Christine Sypnowich’s latest monograph, G. A. Cohen: Liberty, Justice and Equality, published by Cambridge’s Polity Press as part of its Key Contemporary Thinker series, is now available. From the publisher:

“G. A. Cohen was one of the towering political philosophers of the late twentieth and early twenty-first centuries. His intellectual career was unusually wide-ranging, and he was celebrated internationally not only for his for his penetrating ideas about liberty, justice, and equality, but for his method, a highly original and influential combination of analytical philosophy and Marxism. Christine Sypnowich guides readers through the rich body of Cohen’s work. By identifying five ‘paradoxes’ in his thought, she explores the origins of his interest in analytical philosophy, his engagement with the ideas of right-wing libertarianism, his critique of John Rawls’s work, his late-career turn to conservatism, and the tension between his preoccupation with individual responsibility and the idea of a socialist ethos. Sypnowich acknowledges the strengths of Cohen’s positions as well as their tensions and flaws, and presents him as a thinker of startling insight. This compelling introduction is a go-to resource for students and scholars of modern political philosophy.”

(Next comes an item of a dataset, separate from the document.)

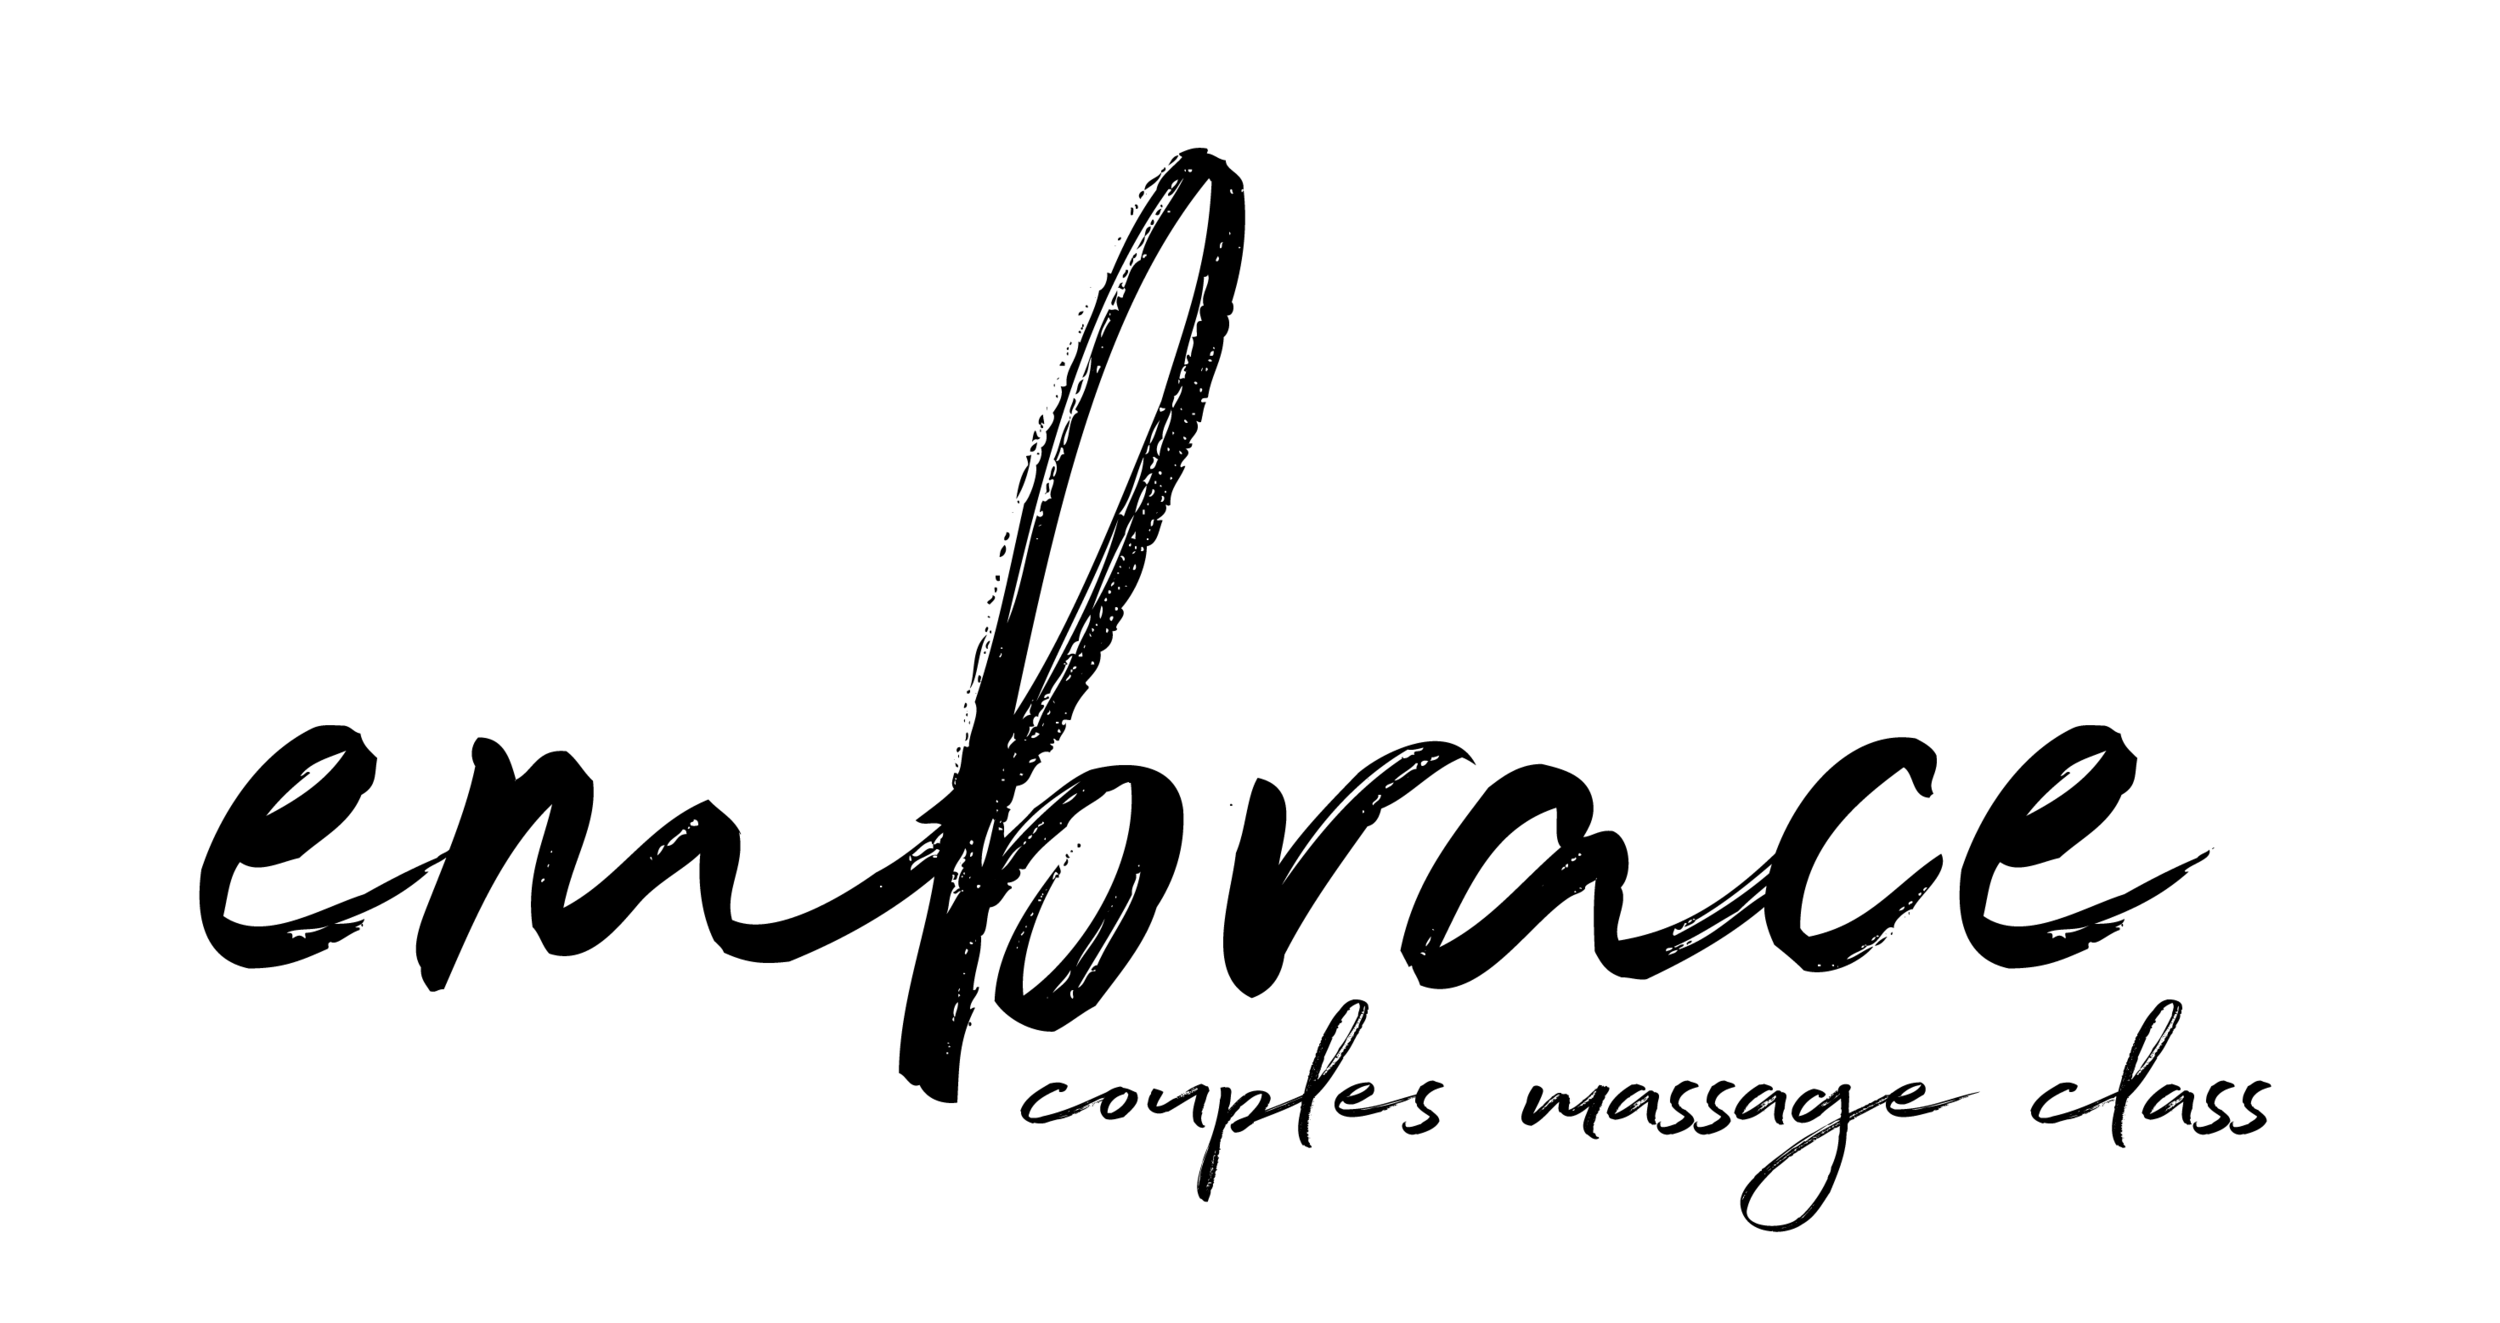 embrace black logo.png

Below are a couple of quotes from Cohen’s contemporaries about the book.

"Christine Sypnowich’s impressively well-informed presentation of Jerry Cohen’s exceptional personality and her insightful critical discussion of all key aspects of his work will make readers understand why his unusual combination of radical political views and meticulous prose keeps inspiring so many young philosophers, and not only them."

Philippe Van Parijs, University of Louvain

"Opening with an engaging biographical account of Cohen’s political and intellectual development, Sypnowich demonstrates how his rigorously analytical quest for the nature of a just society can be structured around a set of tensions – “paradoxes” – with which he so influentially wrestled throughout his life."